И это так понятно. Уже в науке принцип «знание ради знания» правдив только относительно; именно – он глубоко правдив, пока им отклоняется вмешательство посторонних житейских интересов в работу научной мысли и попытки навязать ей цель со стороны, нарушить ее автономию. Но вместе с тем становится ясным, что наука и ученый не могут и, главное, не должны отрываться от жизни[96]. Тем более важно философу, трактующему саму жизнь в ее глубинах и сердцевине, не терять направления на жизнь.

Это и выражается в идее учительства, об этом и говорит и суть дела, и голос жизни. Ученый прежде всего человек, и понятие его входит в понятие человека, а не наоборот. Вечно сменяющиеся продукты философского творчества только потому не отталкивают нас от себя своими сменами и не приводят и не приведут к полному разочарованию, что они дышат не только теоретическим духом, но что в них скрыто или явно горит пламя мудрости и идеи учительства, дух глубокой жизненно действенной правды. Философия не может не учить, потому что она всегда – хочет этого философ или нет в своих сознательных крупных стремлениях, безразлично – кульминирует в проблеме смысла. Оттого нам так тяжело в атмосфере философской мелочности – в те периоды философии, когда в философских частностях, в самодержавии и сепаратизме частей, как это происходило, например, с теорией познания недавно, тонут живые философские запросы, когда философия во многом зарывается с головой до самозабвения в раскопки археологического характера, безнадежные попытки оживления отживших и мумифицированных фигур или в философскую микроскопию.

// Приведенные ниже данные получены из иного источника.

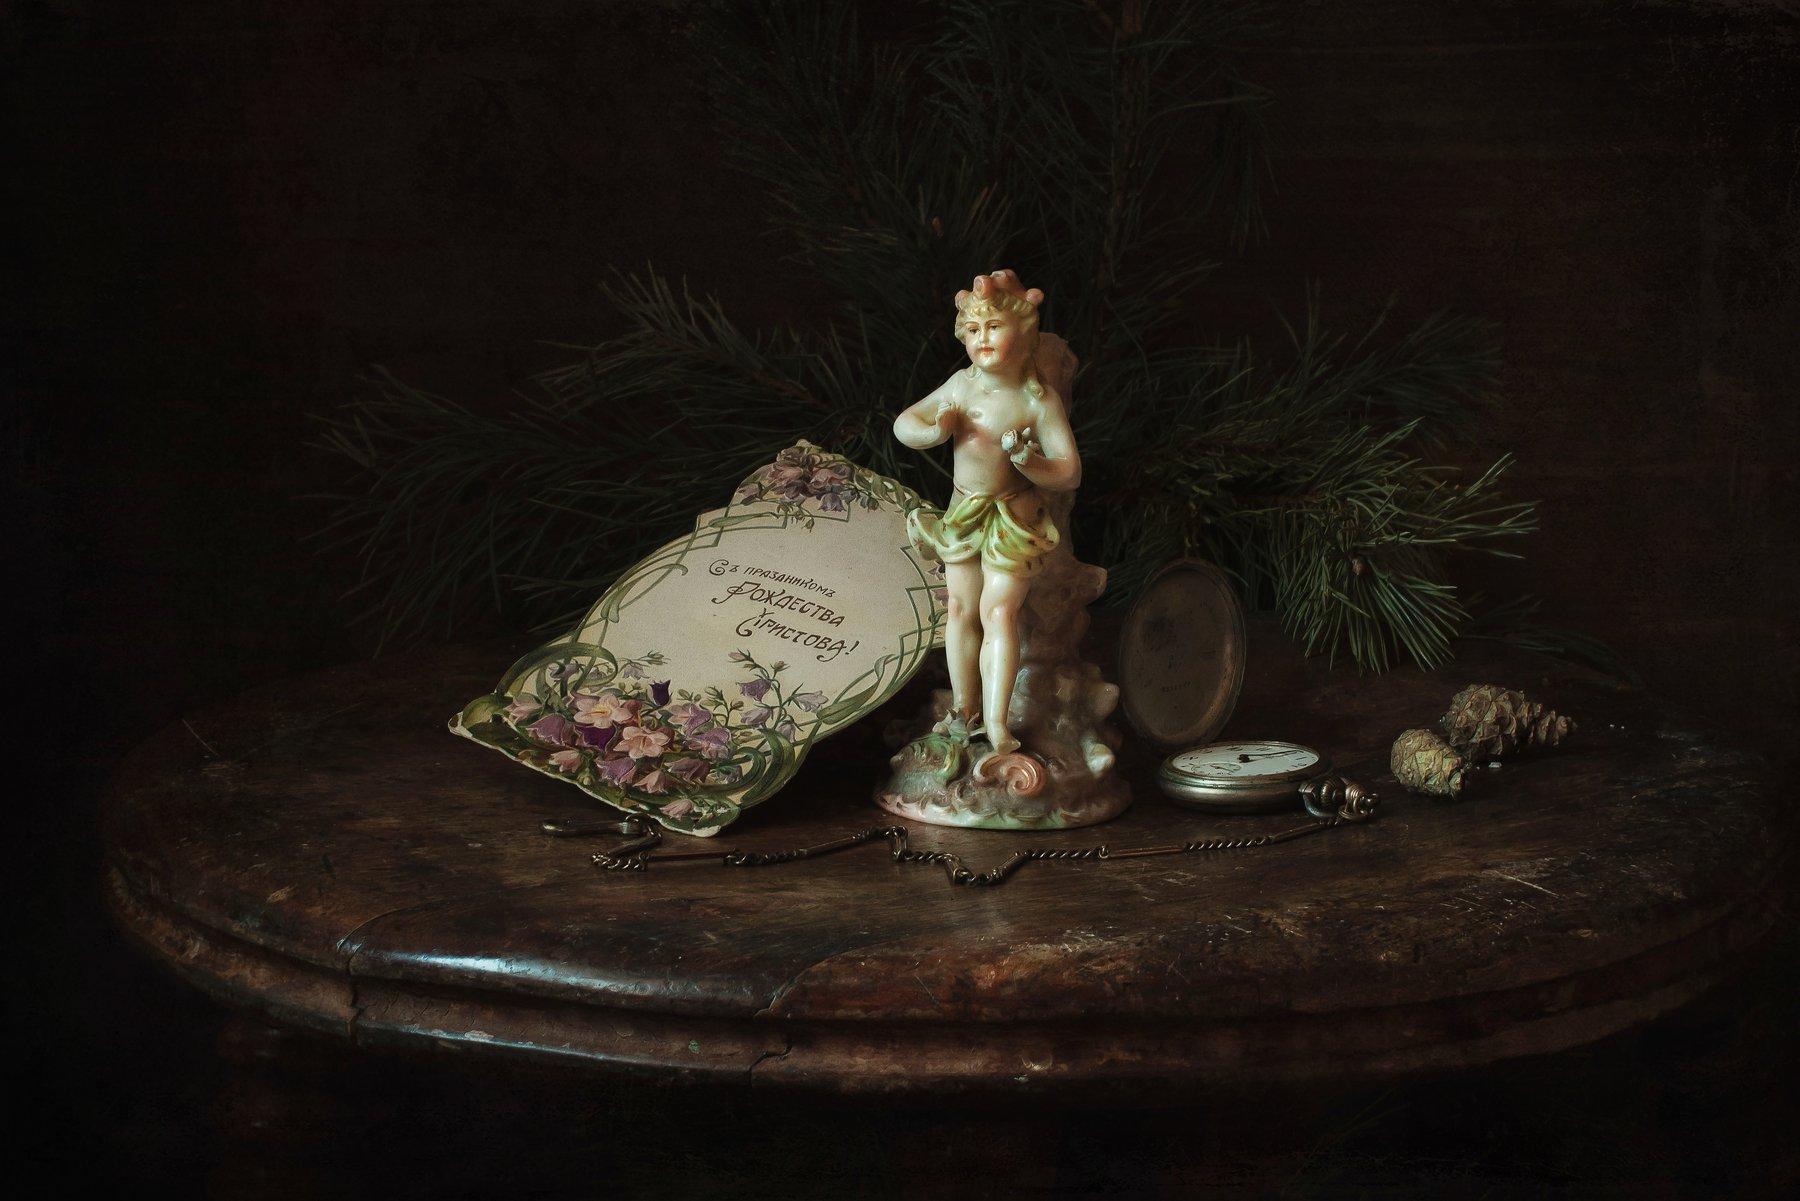 натюрморт, рождество, ёлка, фарфор, статуэтка, открытка, часы, Анна Петина
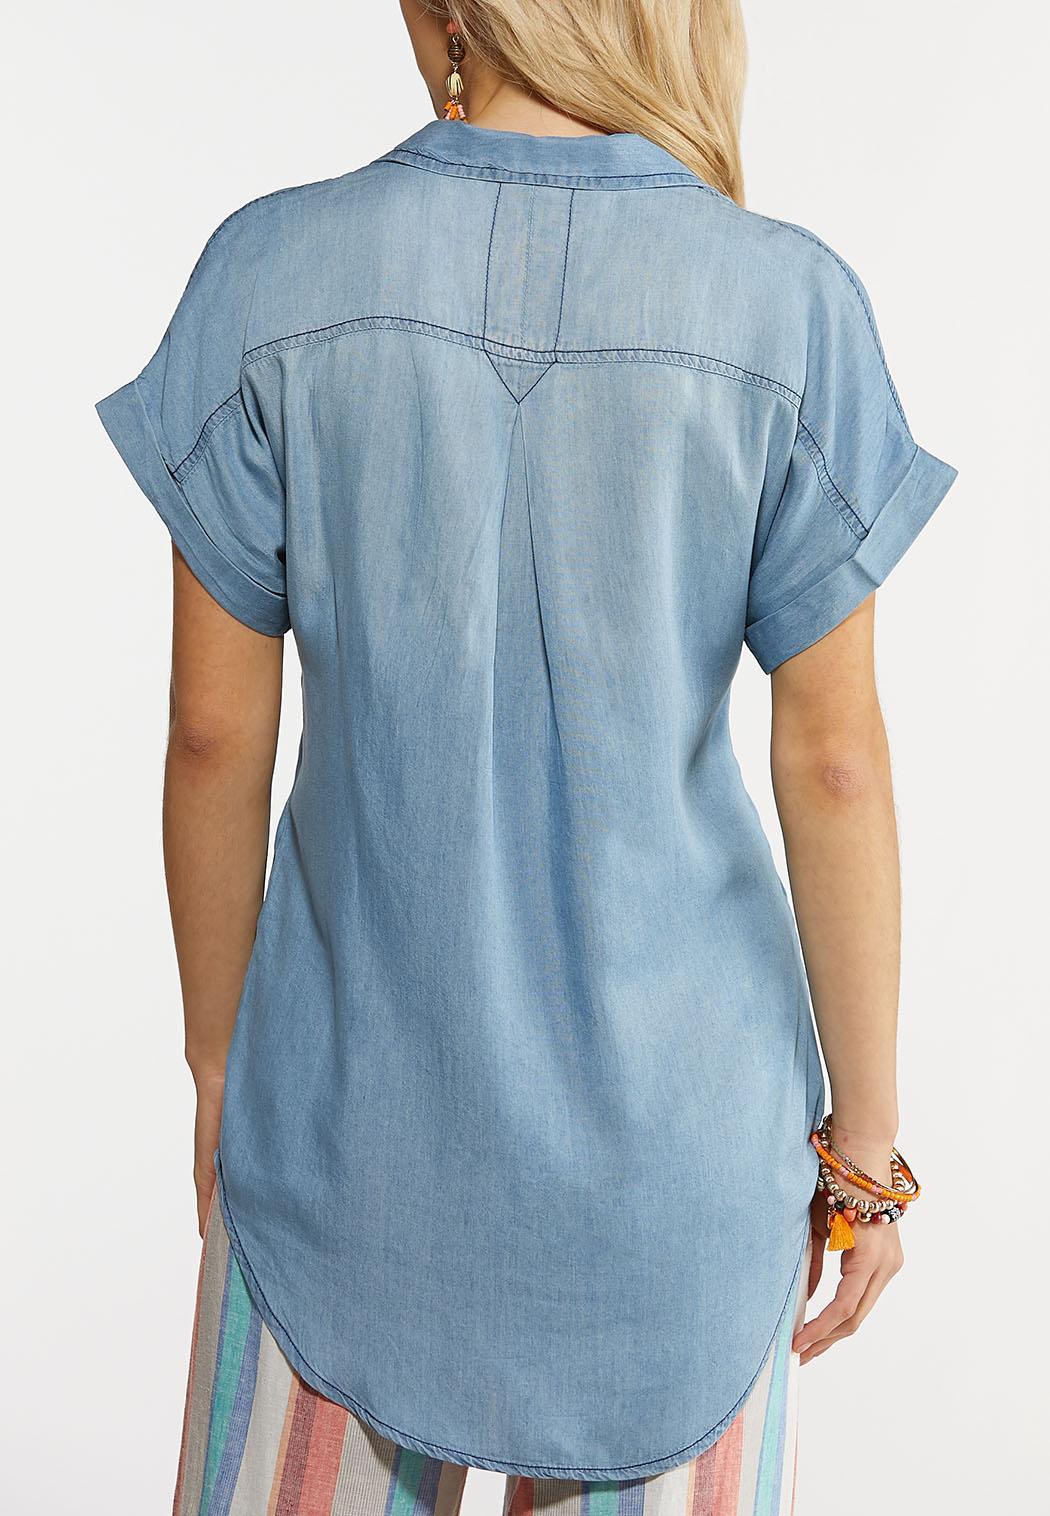 Chambray Cuffed Sleeve Shirt (Item #44240457)

Жизненно развернувшаяся философия неразрывно связана с идеей учительства, и потому именно философия обязывает[97] – обязывает потому, что она, завершаясь, никогда не остается только знанием, а превращается вместе с тем в реальный фактор, в большей или меньшей мере предназначенный определять жизнь. Это не может быть иначе уже потому, что основным вопросом, волнующим человеческую мысль, является вопрос о взаимоотношении мира и человека, мирового начала и человека, составляющий корень вопроса о смысле жизни; это не вся философия, но это ее узловой пункт или ее завершение. Вскрыть философскую правду – значит звать к ней и отклонять все иное, как ложное. Философии всегда присущ лично-императивный характер, не отделимый от идеи учительства, продиктованной ее сутью, как учения о смысле мира и жизни. Она по самому своему устремлению к живой полноте, к абсолюту не может не становиться императивной. Идеально вскрытой философии должна быть действительно присуща великая жизненно-очистительная сила, которую когда-то ей приписывали пифагорейцы.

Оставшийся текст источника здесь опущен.